Learning to be Assertive in Addiction Recovery
Being assertive is simply being able to stand up for yourself without being aggressive or manipulative. It’s about being calm while communicating and interacting, and getting your point across without causing harm or disturbance – that’s why it’s the ideal mode of communication. Assertiveness is a balance – something addicts lack, and desperately need.
Communication in Recovery
When in recovery, addicts have to stop manipulating people and “throwing their weight around”, like they did for their entire drinking or drugging career. It is essential that they maintain calm and respectful communication with themselves. This ensures that these alcoholics and drug addicts are able to have their needs met in a safe, honest way. This helps them gain confidence, which is key in recovery. In order to further consider this idea, it is essential to understand the other styles of communication:
Passive – the passive style of communication is involves shrinking away and not voicing opinions or needs. People engaging in passive behaviour may think they aren’t causing harm. They may not be causing any short-term harm to themselves or others, but their dysfunctional communication will eventually result in damaged relationships, and then low self-esteem. Passive communicators can be easily identified. They cross their arms or legs while speaking, avoid eye contact and keep their volume very low. They overuse the phrases “I guess” or “kind of”, and use filler sounds like “um” or “aah”.

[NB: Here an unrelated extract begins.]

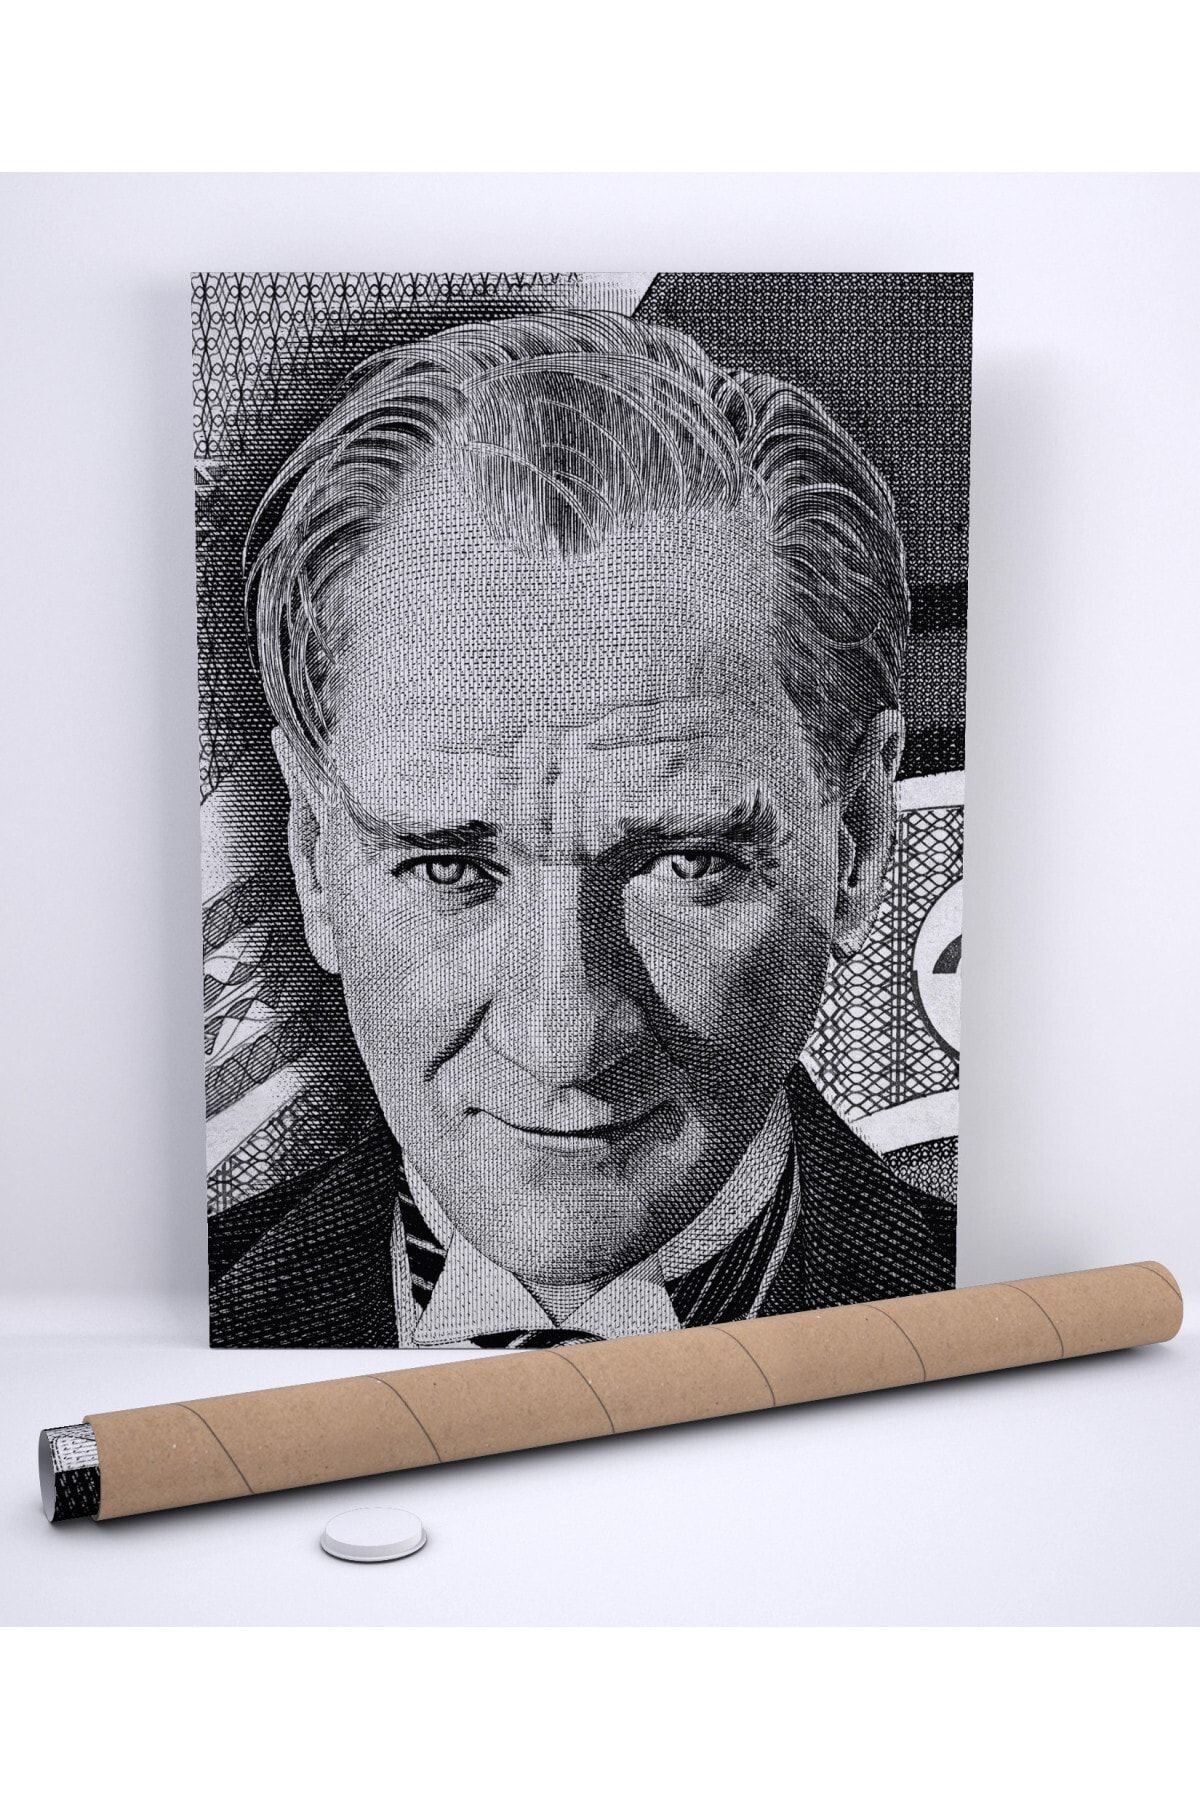 Denizposter Atatürk Kağıt Para Üzerindeki Gülen Siyah Beyaz Resmi, Makam Posteri 70x100

Aggressive – aggressive people put themselves first. They manipulate and control conversations and situations to get what they want; they hurt or anger other people in doing so. They can be identified by their forceful eye contact that comes off as glaring and threatening. They are loud and make demands; they modulate their voice so that it’s loud and overbearing. They slam doors, give “dirty looks” and sometimes resort to using offensive language in order to make their point.
Passive-aggressive – this is perhaps the most dangerous and manipulative form of communication. Passive-aggressive people put themselves first (aggressive) while acting like, and sometimes convincing themselves, they are putting others first (passive). These people don’t communicate their needs or wants, but expect people do understand them nevertheless. They avoid addressing conflict, but create it anyway.
Why is it so Difficult?
Being assertive is incredibly difficult for alcoholics and drug addicts because they rarely face problems without the aid of alcohol. This gives them the tools to be aggressive and mask their low self-esteem. Low self-esteem either makes people withdraw passively, or overcompensate for their lack of self belief by being aggressive or passive-aggressive.
Conducive to low self-esteem, is the fear of not being liked. Addicts or alcoholics are often people-pleasing, and therefore resort to passive communication. In addition, they have an inflated ego, which actually makes them lean further towards passive-aggressive communication. When educated on the importance of assertiveness on entering a rehabilitation centre, such addicts or alcoholics may mistake assertiveness for aggression.
How to be More Assertive
To be assertive, people have to become comfortable with taking responsibility for their own needs. Honestly is essential, as people learning to communicate assertively have to be forthright but not confrontational. At Hope Trust rehab, there are several techniques used to help recovering alcoholics and drug addicts communicate assertively. They are made to participate in role-play activities, engage in positive visualization and, perhaps most importantly, are given an accepting environment in which they are free to be honest and true to themselves.